Instructions to follow:
Up to and including the line holding "Rosebud Baker: Kidding Around Tour", write out the data exactly from its first line, but not the pictures.

Data below:
══════════════════════════════

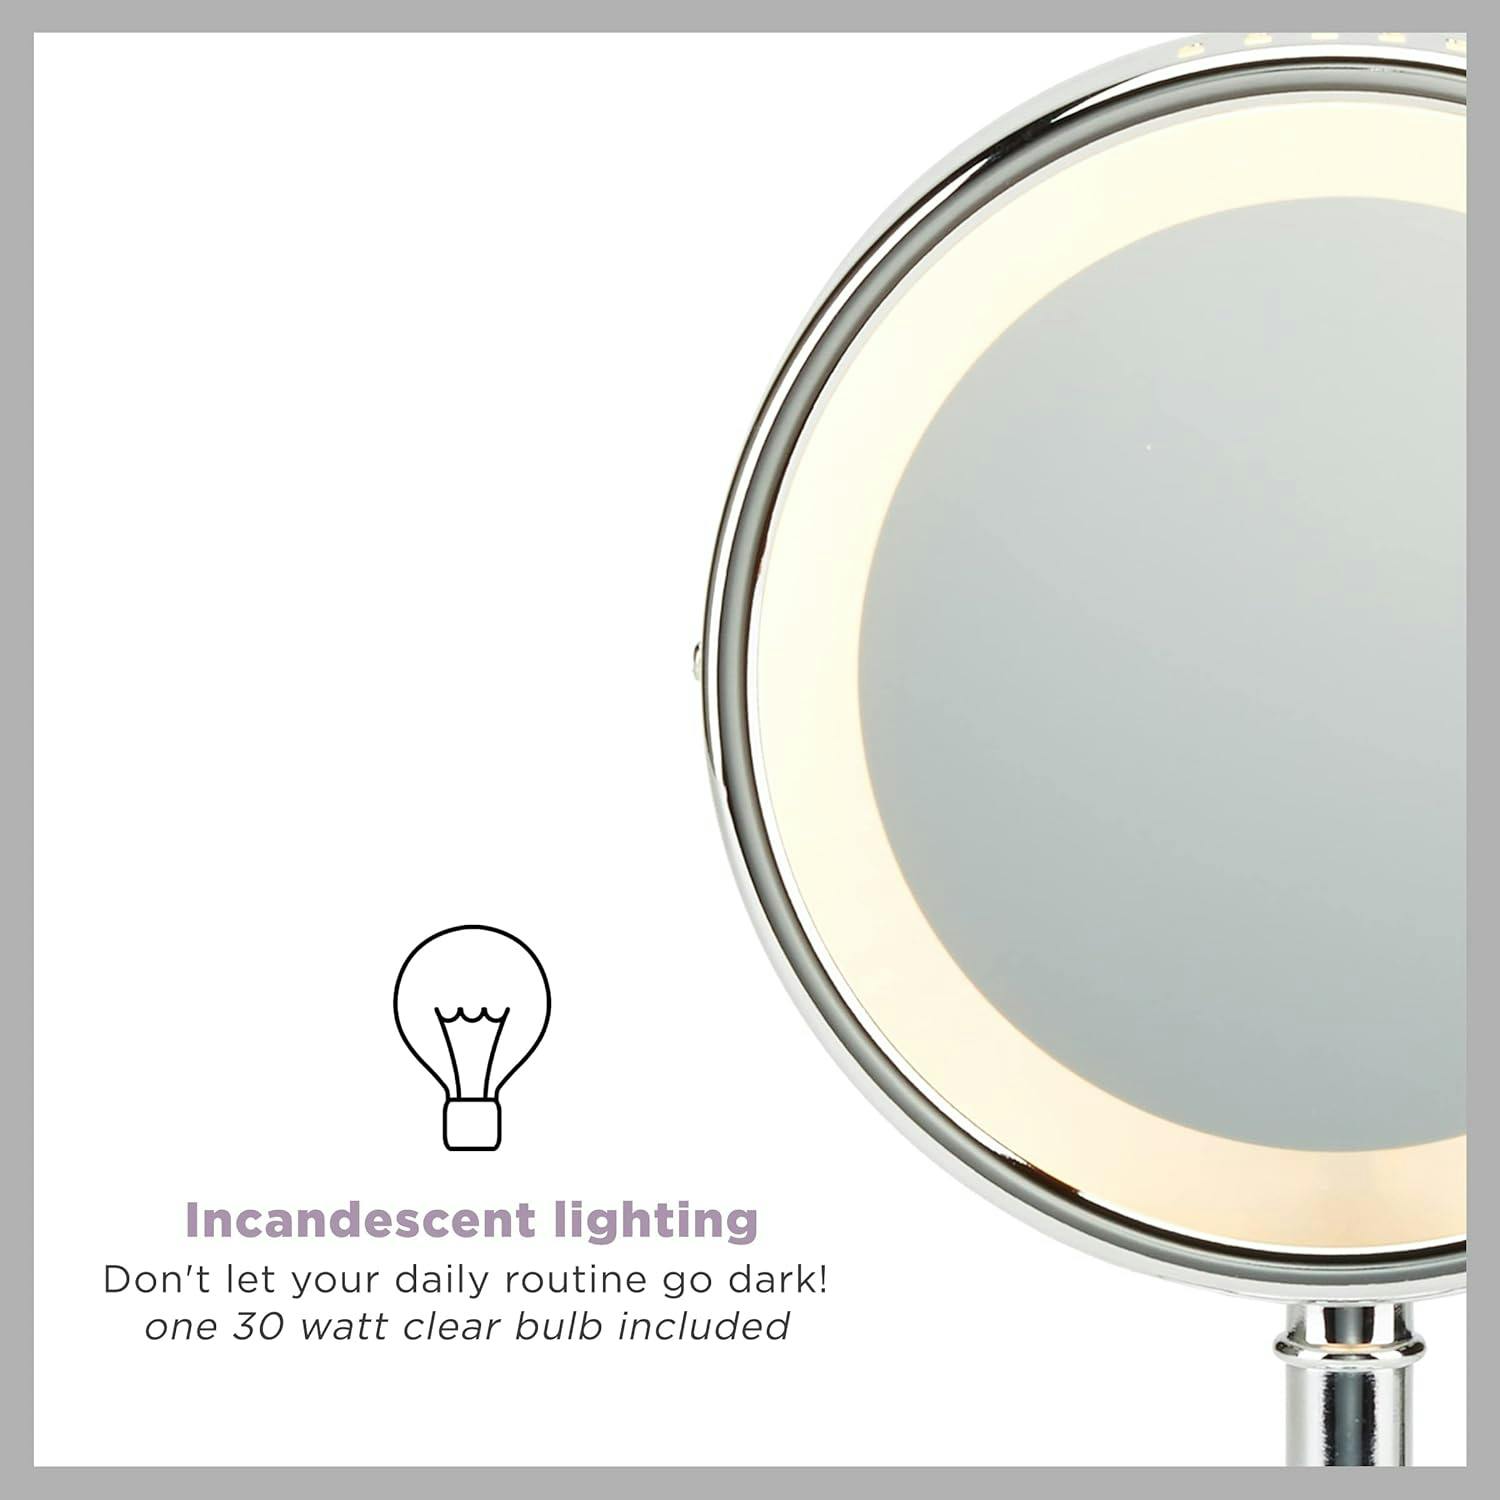 Elegant Chrome 7.75" Round Countertop Magnifying Mirror
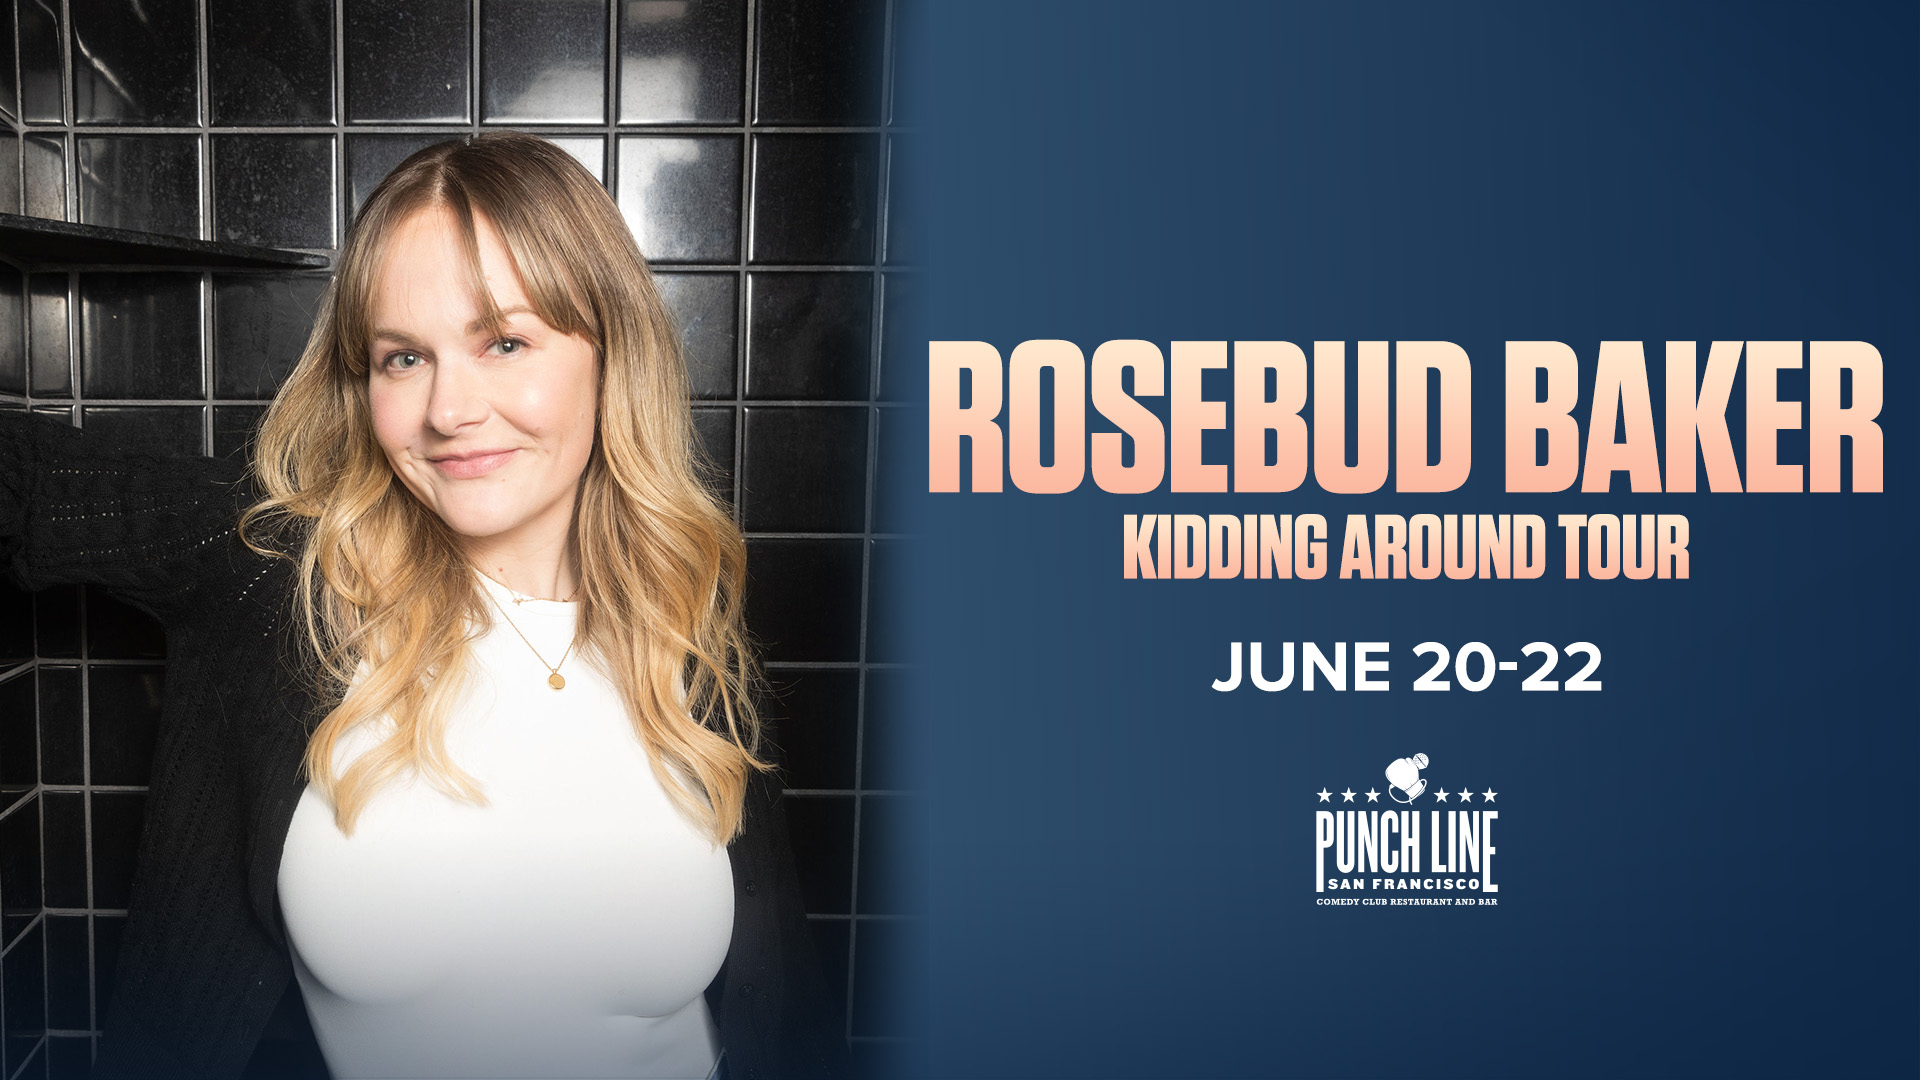 Rosebud Baker: Kidding Around Tour
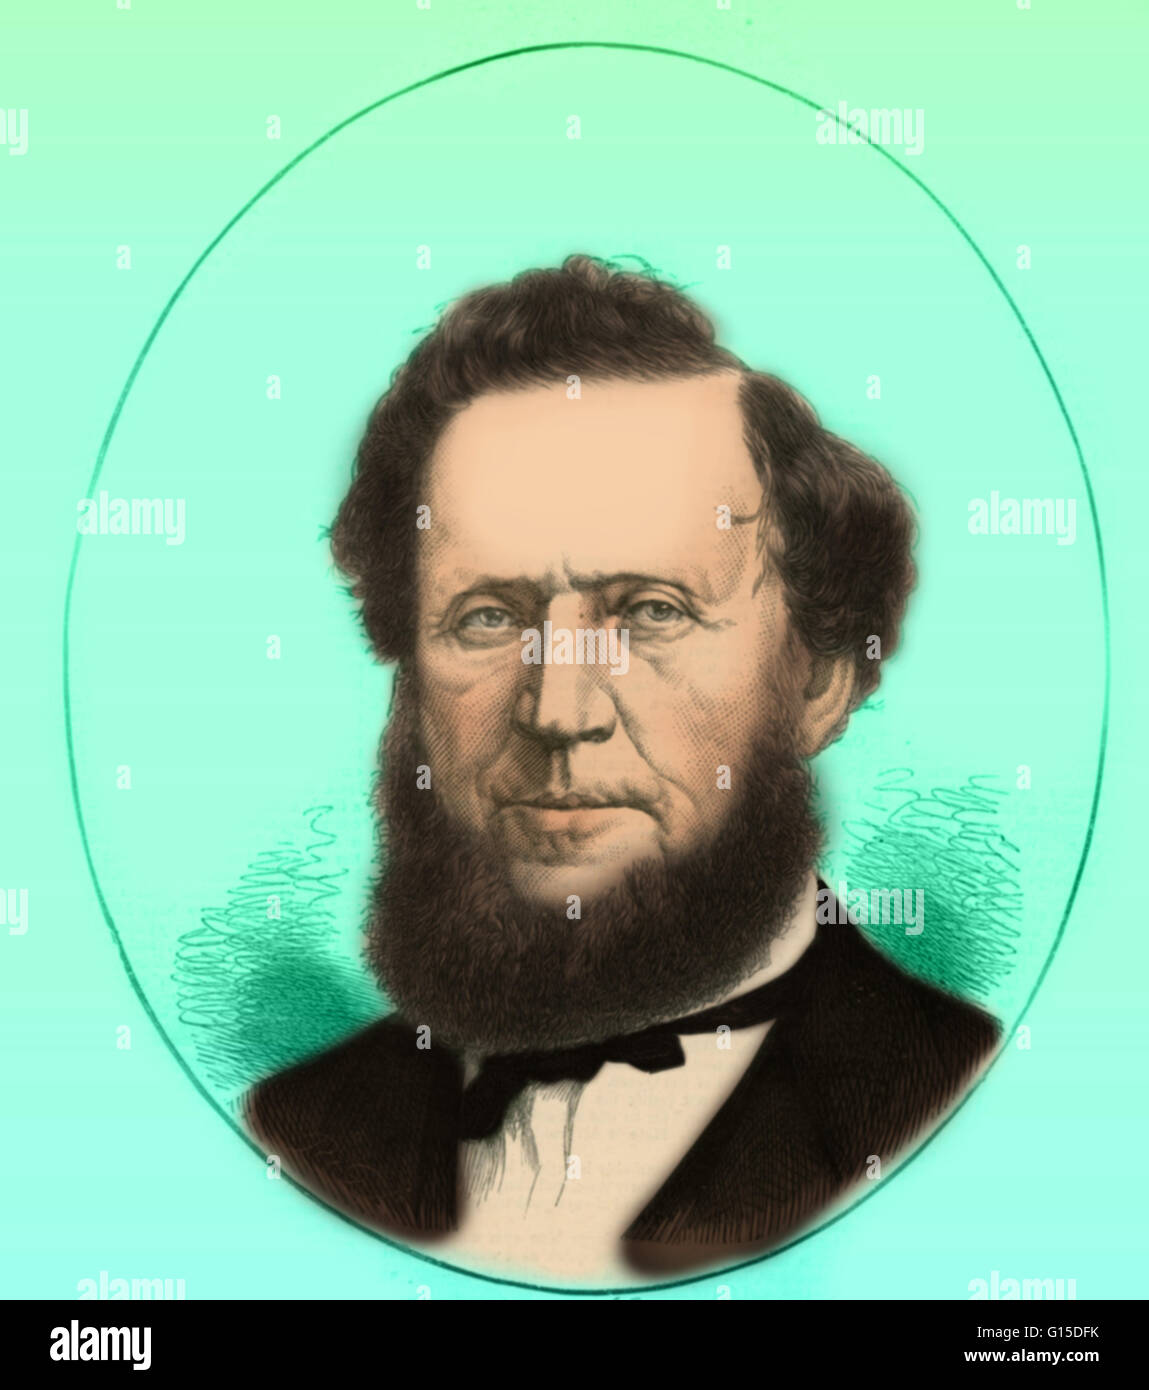 La Brigham Young (1 giugno 1801 - 29 agosto 1877) era un leader americano in quest'ultimo giorno San movimento e un decantatore dell'Ovest degli Stati Uniti. Egli è stato disegnato per Mormonism dopo la lettura del Libro di Mormon poco dopo la sua pubblicazione nel 1830. Egli officia Foto Stock

══════════════════════════════

Worked solution:
 Elegant Chrome 7.75" Round Countertop Magnifying Mirror
 Rosebud Baker: Kidding Around Tour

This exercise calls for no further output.